Dietary fructose intake may increase serum uric acid concentrations, researchers said.
Both uric acid concentration and fructose consumption may be increased in individuals with non-alcoholic fatty liver disease (NAFLD).
Researchers found that both dietary fructose consumption and serum uric acid concentrations are independently associated with non-alcoholic steatohepatitis (NASH).
NAFLD, the accumulation of extra fat in liver cells in people who drink little or no alcohol, is recognised as the fastest growing cause of liver disease in both Western and developing countries.
Although NASH is a less aggressive form of NAFLD, it can progress to severe fibrosis and cirrhosis, with development of hepatocellular carcinoma in adults.
"It is plausible that dietary fructose intake and uric acid concentrations are potential risk factors for liver disease progression in NAFLD," said Valerio Nobili, from Bambino Gesu Hospital in Italy
Researchers in Italy and the UK studied 271 obese children and adolescents with NAFLD (155 males, mean age 12.5 years) who underwent liver biopsy.

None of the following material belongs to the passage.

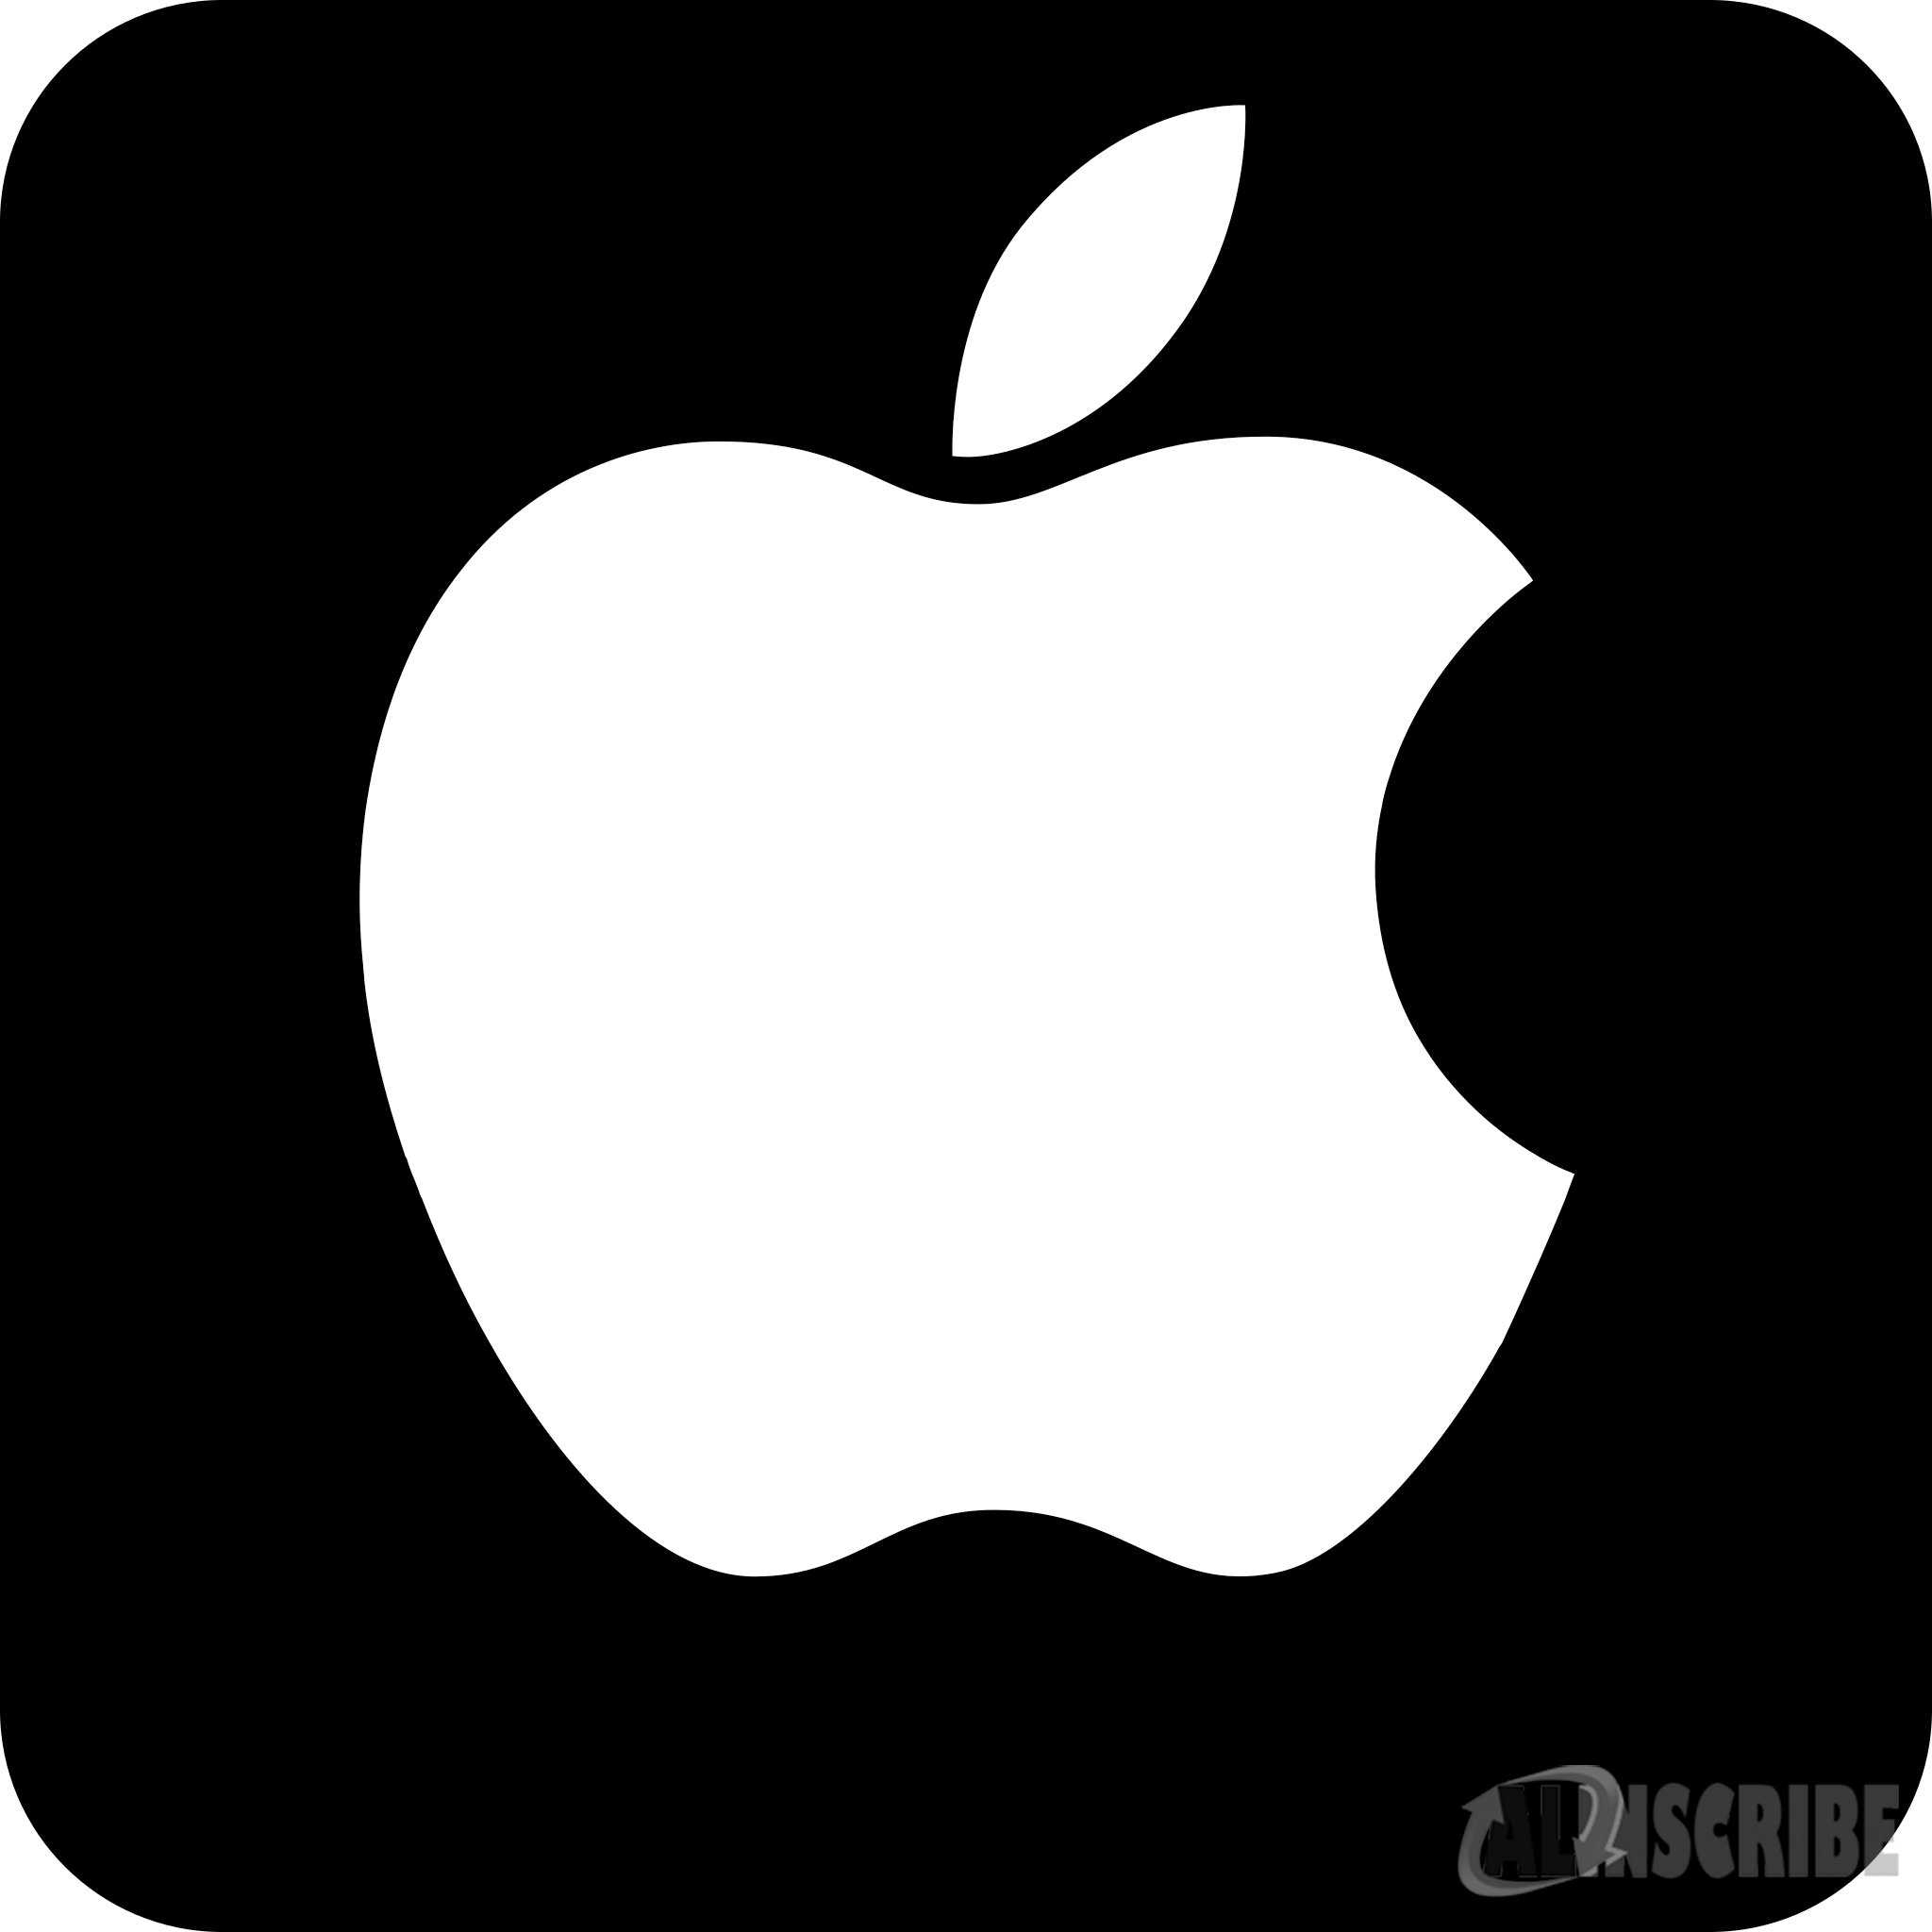 Apple Inc. | A Company review & knowledge of technology that  changed our lives

All patients completed a food frequency questionnaire, indicating when specific foods were consumed (breakfast, morning snack, lunch, afternoon snack, dinner etc), how often (every day of the week, sometimes or never) and portion size.
Nearly 90 per cent reported drinking sodas and soft drinks one or more times a week.
Almost 95 per cent of patients regularly consumed morning and afternoon snacks consisting of crackers, pizza and salty food, biscuits, yogurt or other snacks.
In the group of patients studied, 37.6 per cent of patients had NASH and 47 per cent of patients with NASH had high uric acid compared with 29.7 per cent of patients who did not have NASH.
Fructose consumption was independently associated with high uric acid, which occurred more frequently in patients with NASH than in not-NASH patients.